Discussion in 'General Softball' started by streak2010, Feb 12, 2019 at 6:38 PM.

  1. streak2010

    streak2010 Member

    Asking all coaches to join the pledge to mandate wearing the mask for all infielders.

    Pass the word to all coaches.

    Join us
    Facebook
    @mandatethemask

    Not looking for an argument - as adult coaches it’s our #1 job to look after the safety of our players.
     
    coachjwb, Tdale, City Slicker and 3 others like this.
  2. TheSoftballZone

    TheSoftballZone Administrator

    I'm surprised it's even up for debate. I would believe this would have been mandatory by most sanctioning bodys by now.

    They make all kind of rules for bats due to all the money involved, but can't pass a rule for face mask.
     
    streak2010, 0203bbmom and mroby5172 like this.
  3. City Slicker

    City Slicker Member

    Also, mandate the mask (or face protection) on the boys batting helmets too.

    With so many MLB players starting to use them, it's a no brainer.
     
  4. Mozac#11

    Mozac#11 New Member

    Yeah...then make all the fans wear them too. Ridiculous!
     
  5. mroby5172

    mroby5172 Member

    I watched a 12yr old boy take a wild pitch in the face in a league that does not require a facemask on the batting helmet, it was not good. The pitcher threw very hard and the kid batting was an all-star but still didn't have time to react. Why not protect the kids!
     
    streak2010 likes this.
  6. daboss

    daboss Active Member

    I'm sorry but I continue to fail to understand why there needs to be a written rule? There is no rule against it. That is the sanctioning body's stand on the subject. It's my stand on the subject. I would never keep a player from wearing one. It's a choice. Embrace the freedom of choice. I don't need somebody to tell me not to put my finger in an electric outlet. lol. It's a choice if I want to "light up my life."
     
    shummel likes this.
  7. mroby5172

    mroby5172 Member

    Why have any written rules or laws then? Maybe, some people are not bright enough or just don't care about the risk of harm to their children, etc....We are forced to wear seatbelts and obey traffic laws, but how many people break the laws? Simple, mandate safety of our kids....
     
  8. 22dad

    22dad New Member

    There is still a perception and perhaps reality with some that wearing a mask hurts recruiting.. I also witnessed teasing over it
     
  9. thestuff142

    thestuff142 Member

    8-10-12-14-16 year olds should have freedom of choice? Do we give our kids at home freedom of choice over wearing seatbelt? Thats a rhetorical question...of course you don't. My kid won't go on field without a mask. Rule or no rule...but I think there should be a rule for masks on infielders, masks on batting helmets...chest protection for pitchers. Not wussification...we didn't know what we didn't know when we were kids...and there was no option for protection. When I started playing ball I wore a helmet that looked like a wrestling headgear and nothing like helmets today. Today we know...and there is a way to protect our young athletes.
     
    TheSoftballZone and mroby5172 like this.
  10. coachjwb

    coachjwb Well-Known Member

    Totally agree it should be a rule ... no different than facemasks for football players or catchers, shin guards for youth soccer players, etc. And yes, until there is a rule (if ever), a coach of players under say the age of 15 should require them as well. I'd personally prefer it be mandated at all age levels including college, but one step at a time.
     
  11. Hilliarddad3

    Hilliarddad3 Active Member

    First .....if not a rule, mom and dad should mandate it for their kid. If a coach doesn't want my kid for wearing one? I don't want them as a coach...

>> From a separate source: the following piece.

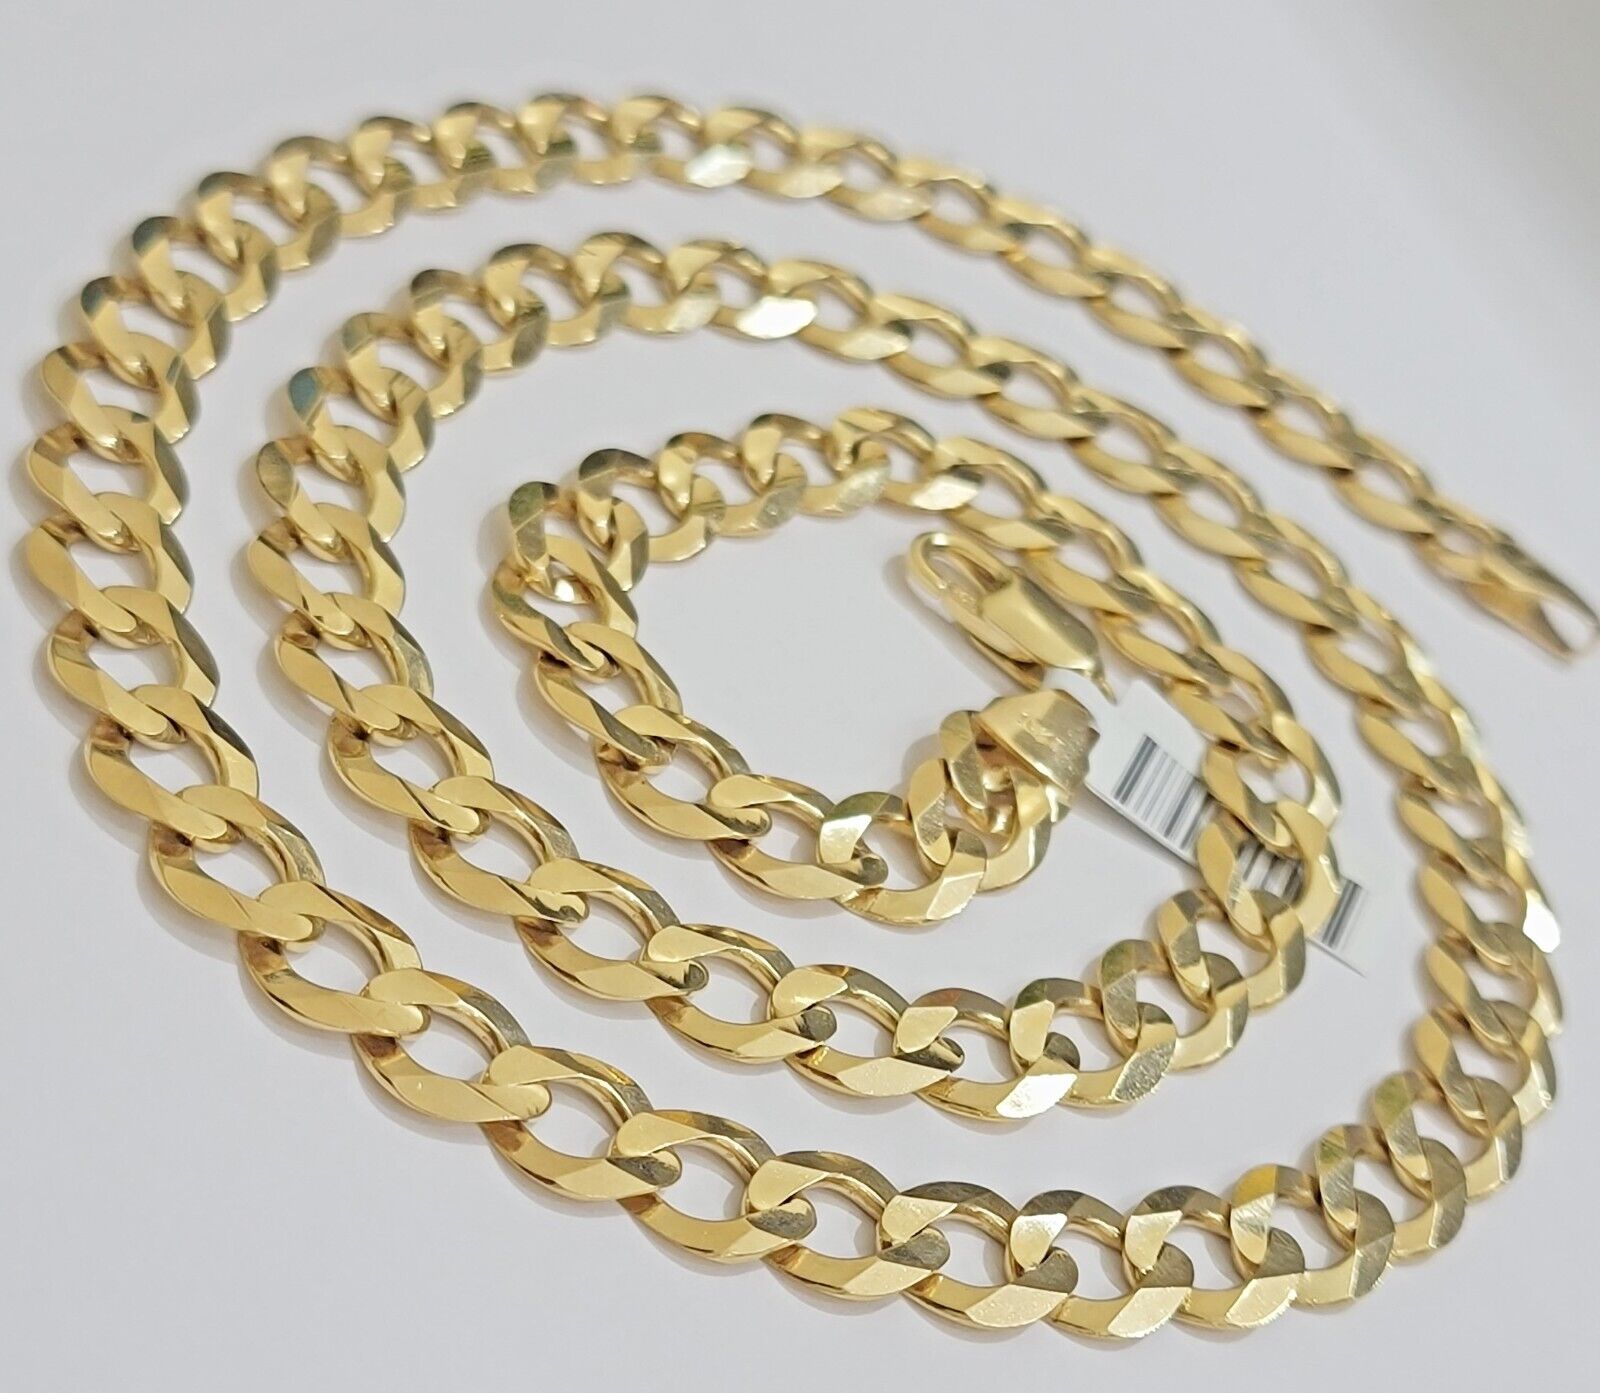 10K Gold 4mm Flat Curb Chain 20 Inches

    Heck way back one of ours had stitches in her head and wanted to play outfield still... Wife said only way you play is with a helmet on per Doctor order.... All three outfielders did that game in support.... It was funny as heck...
     
    shummel and daboss like this.
  12. Jose_canusee

    Jose_canusee Active Member

    Coaching 8u almost every position wore one. I had a girl come to me and ask if she had to in the outfield. I told her we needed to talk to her parents. I told her parents my stand on it (wear it) but her parents didn’t find it necessary . So she didn’t.
    My daughter all the way through- 8u- 18u played infield and never wore one. She is 20 now.
    10u team, I told the girls they must it’s not a choice,
    I have watched girls lose teeth, and get really hurt without it. Now a days I think the younger girls MUST
     
  13. daboss

    daboss Active Member

    I understand your frustration. Nobody says the world is fair. It does come down to choices and all we can do is follow the rules as they are written. The problem with our world today is the "sue happy" contingent meaning every little thing we decide or do can be considered malicious in nature and somebody else can benefit from taking it to court. Depending on the mindset of the judicial's involved, it may have merit. Even if they consider it frivolous you can't get back the time and money lost. The stress from it can be unhealthy. It's for this reason sanctioning bodies need overwhelming evidence and support to make a ruling on safety.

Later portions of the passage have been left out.